Beauty can be very, very noisy.

Babies cry.  Puppies are babies.  Puppies cry.

It occurred to me the other day -- as I withstood a yowling that would qualify as acoustic torture under the Geneva convention -- that it somehow seems normal to be less tolerant of puppies whining than we are of babies crying.  We don't like it when babies cry, but we expect it. And we mostly give babies a pass.  After a few days with a puppy, however, enough is enough, right?  "When will this dog learn to shut up?"

So, we expect puppies to learn faster than babies.  We're expecting an animal with a fraction of human intelligence to learn faster than humans.  And we think we're pretty smart.

The ones learning fastest are Flame-Haired Angel and me.  A little bit of sleep lost, but so far we haven't had to call in the puppy super nanny.

We're all learning each other's rhythms and finding out what's fun and what's not.

And one of us is looking less like an under-stuffed sausage and more like a dog. But only just.

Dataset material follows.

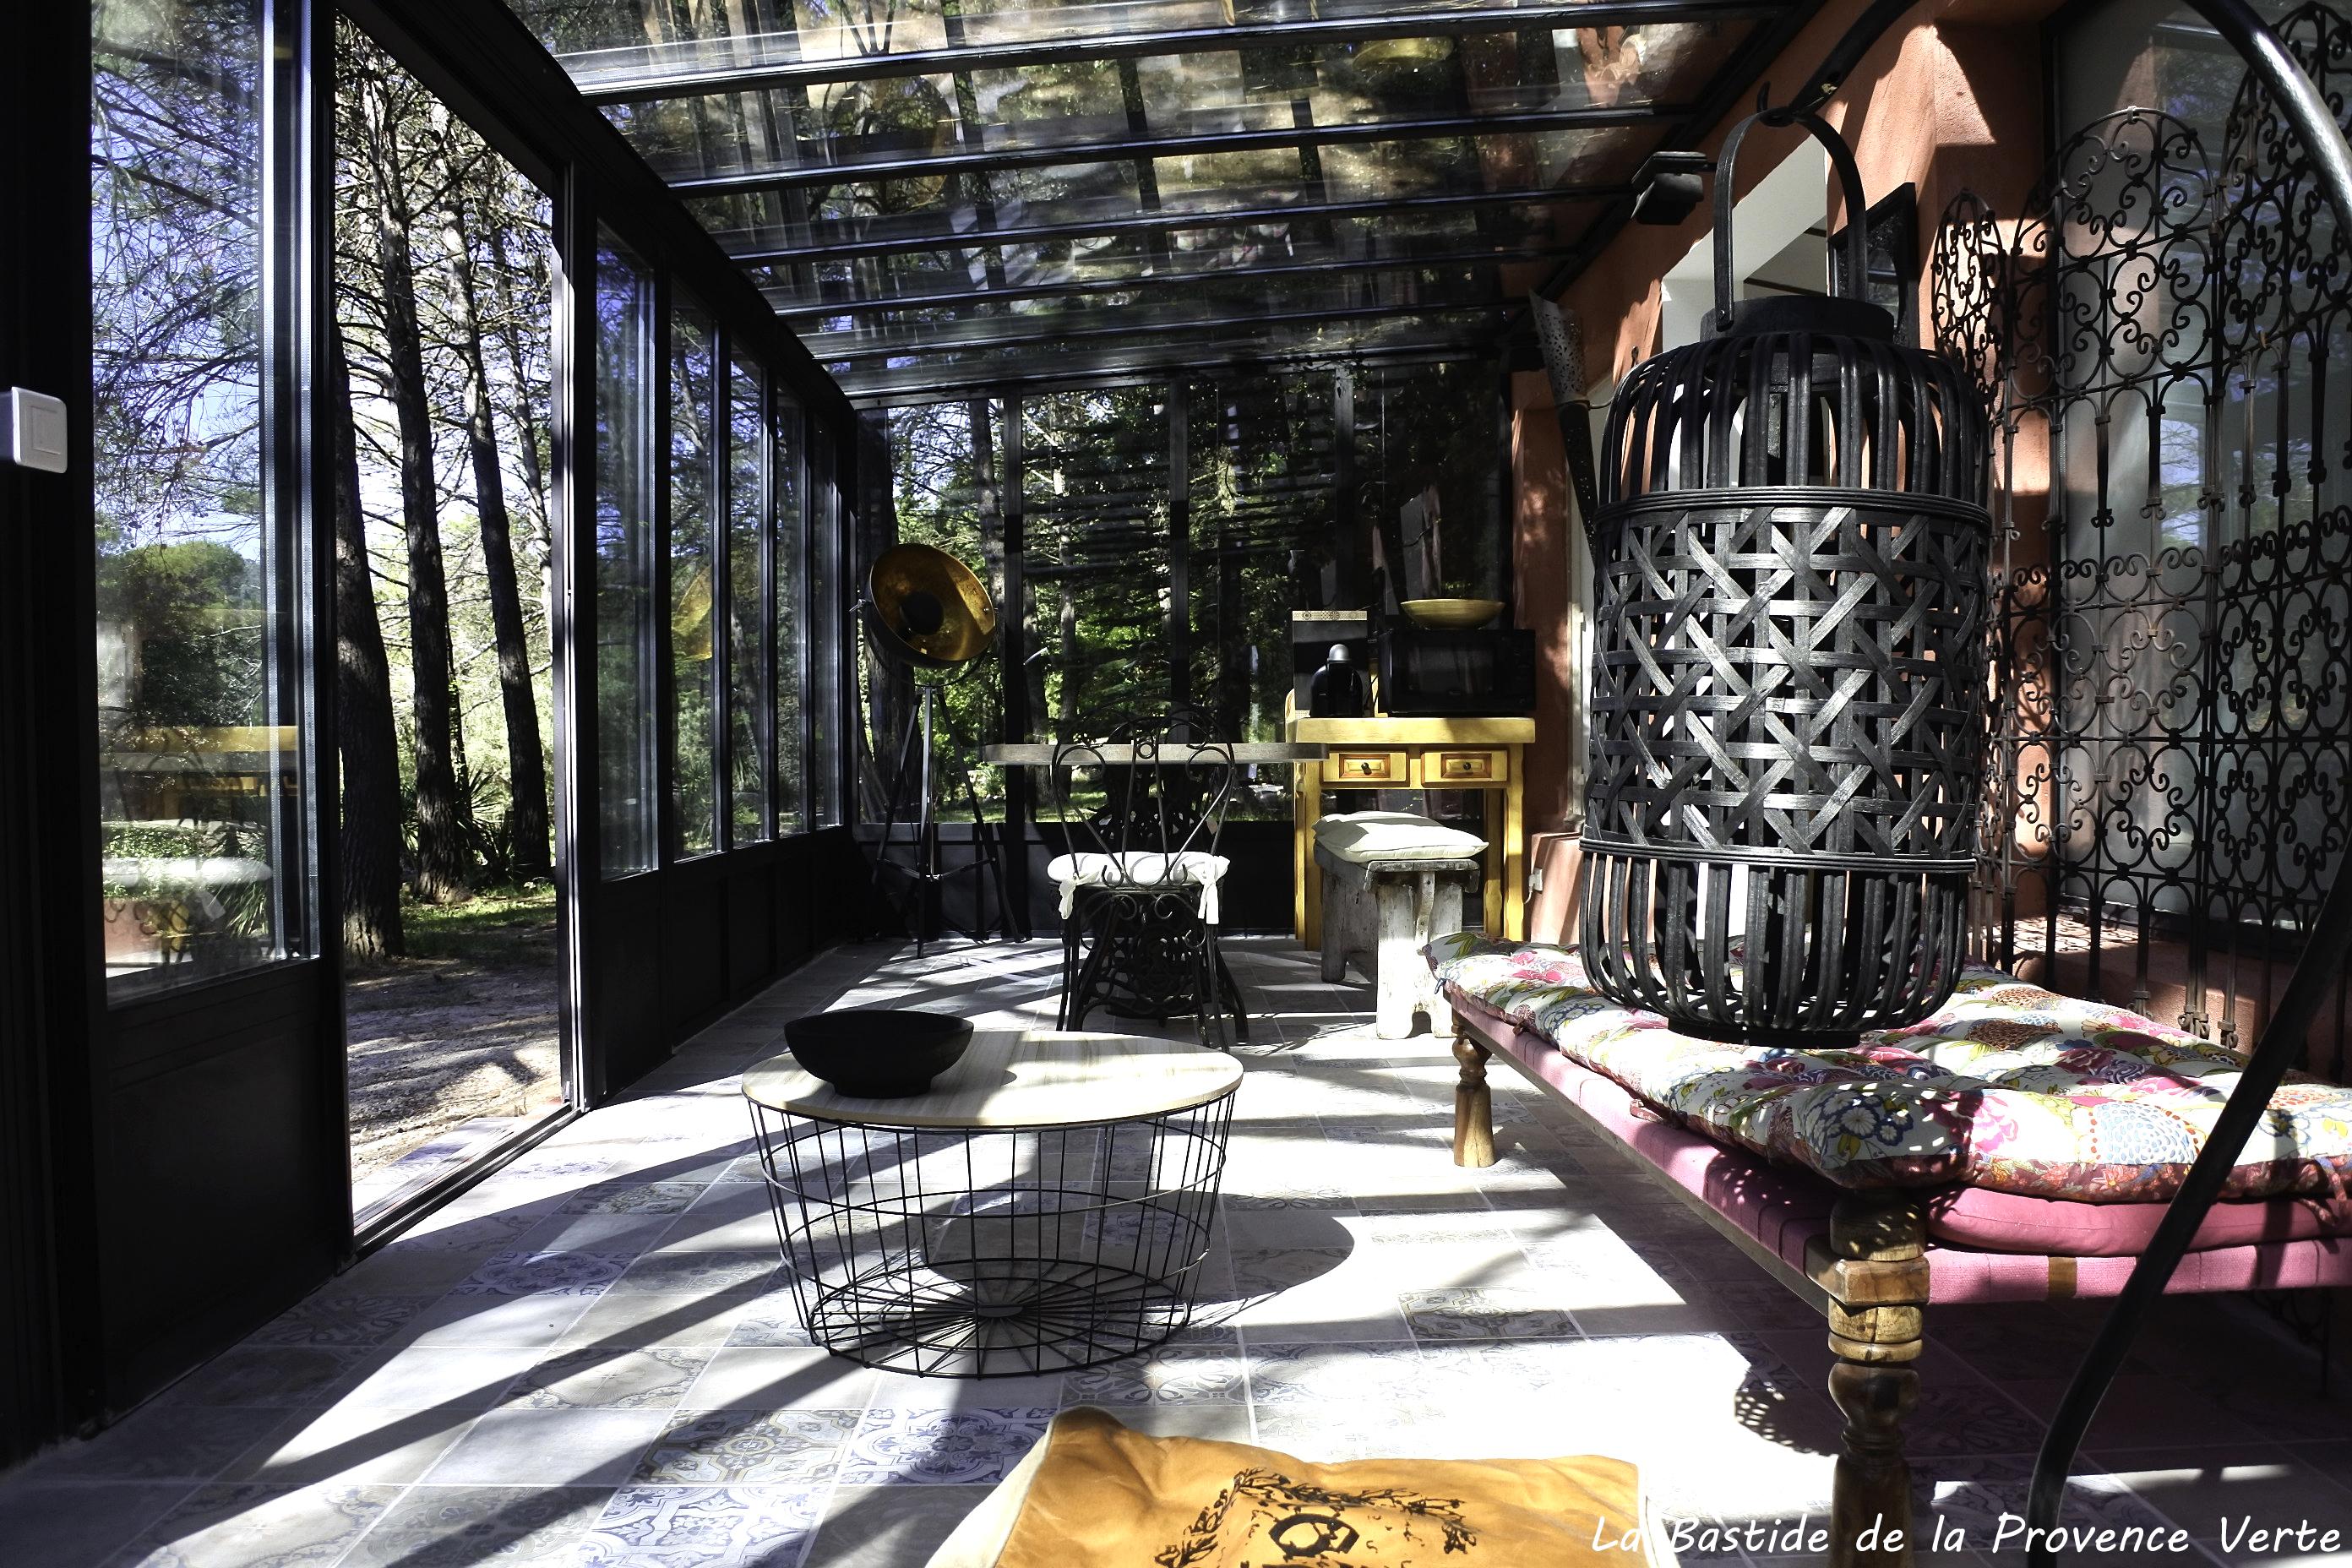 Chambre D Hotes De Charme En Provence La Bastide De La Provence Verte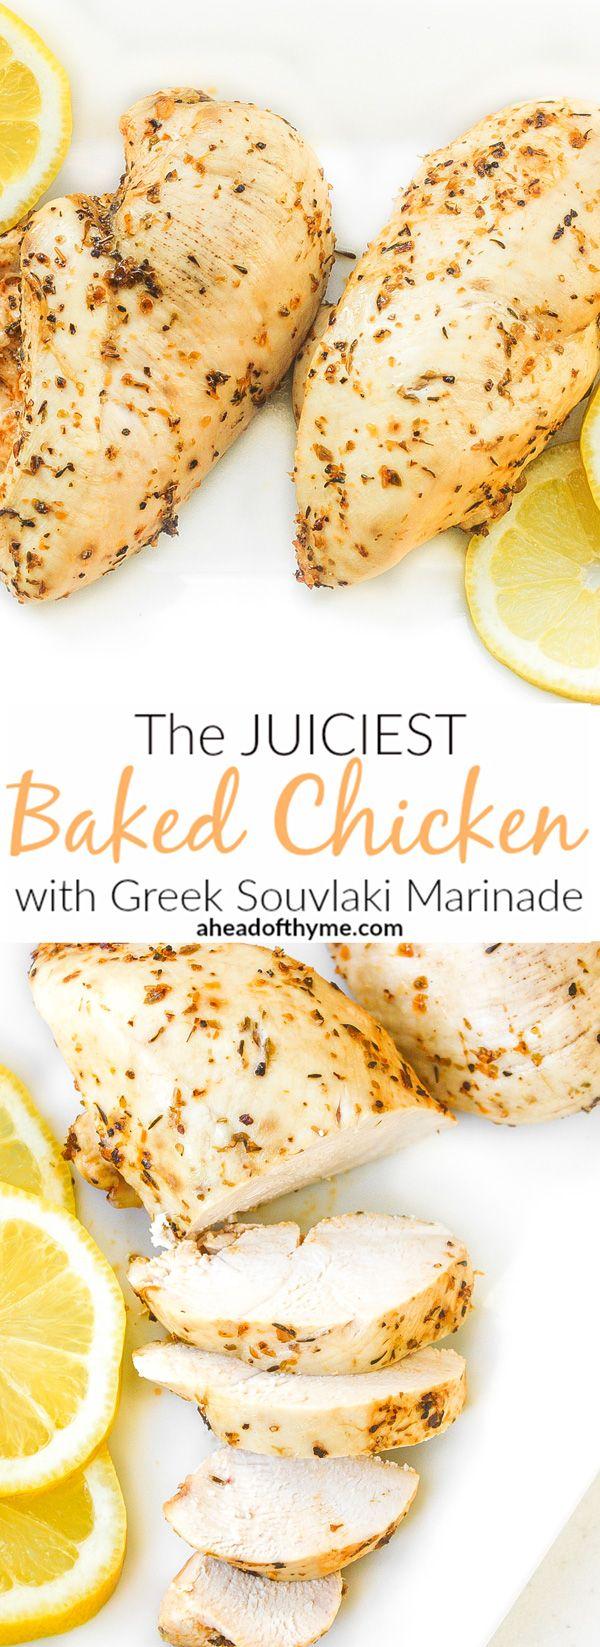 The Juiciest Baked Chicken Breast with Greek Souvlaki Marinade ...

Taco at 8 weeks old and 1 week home.





Tuesday, July 15, 2014

I like blue-eyed red-heads

Taco's eyes will eventually change to be the same beautiful caramel colour as her coat.  But until then: wowzers!


Totally OK with being a ridiculous dog-parent

Being a childless couple in our mid-forties, we are an easy target.  Proclaim our besotted-ness with Taco to be the obsessive fulfillment of unsatisfied parental instinct, and most would presume you've got a prima facie case.  But I reckon it's barking up the wrong playpen.  I've been dog-obsessed my whole adult life, and baby-obsessed...well, never.  Having put off being a dog-parent until I felt my life stable enough to have the dog relationship I want, I've been hankering a long time.  So far as I know, it's not baby substitution.  It's simple wish fulfillment.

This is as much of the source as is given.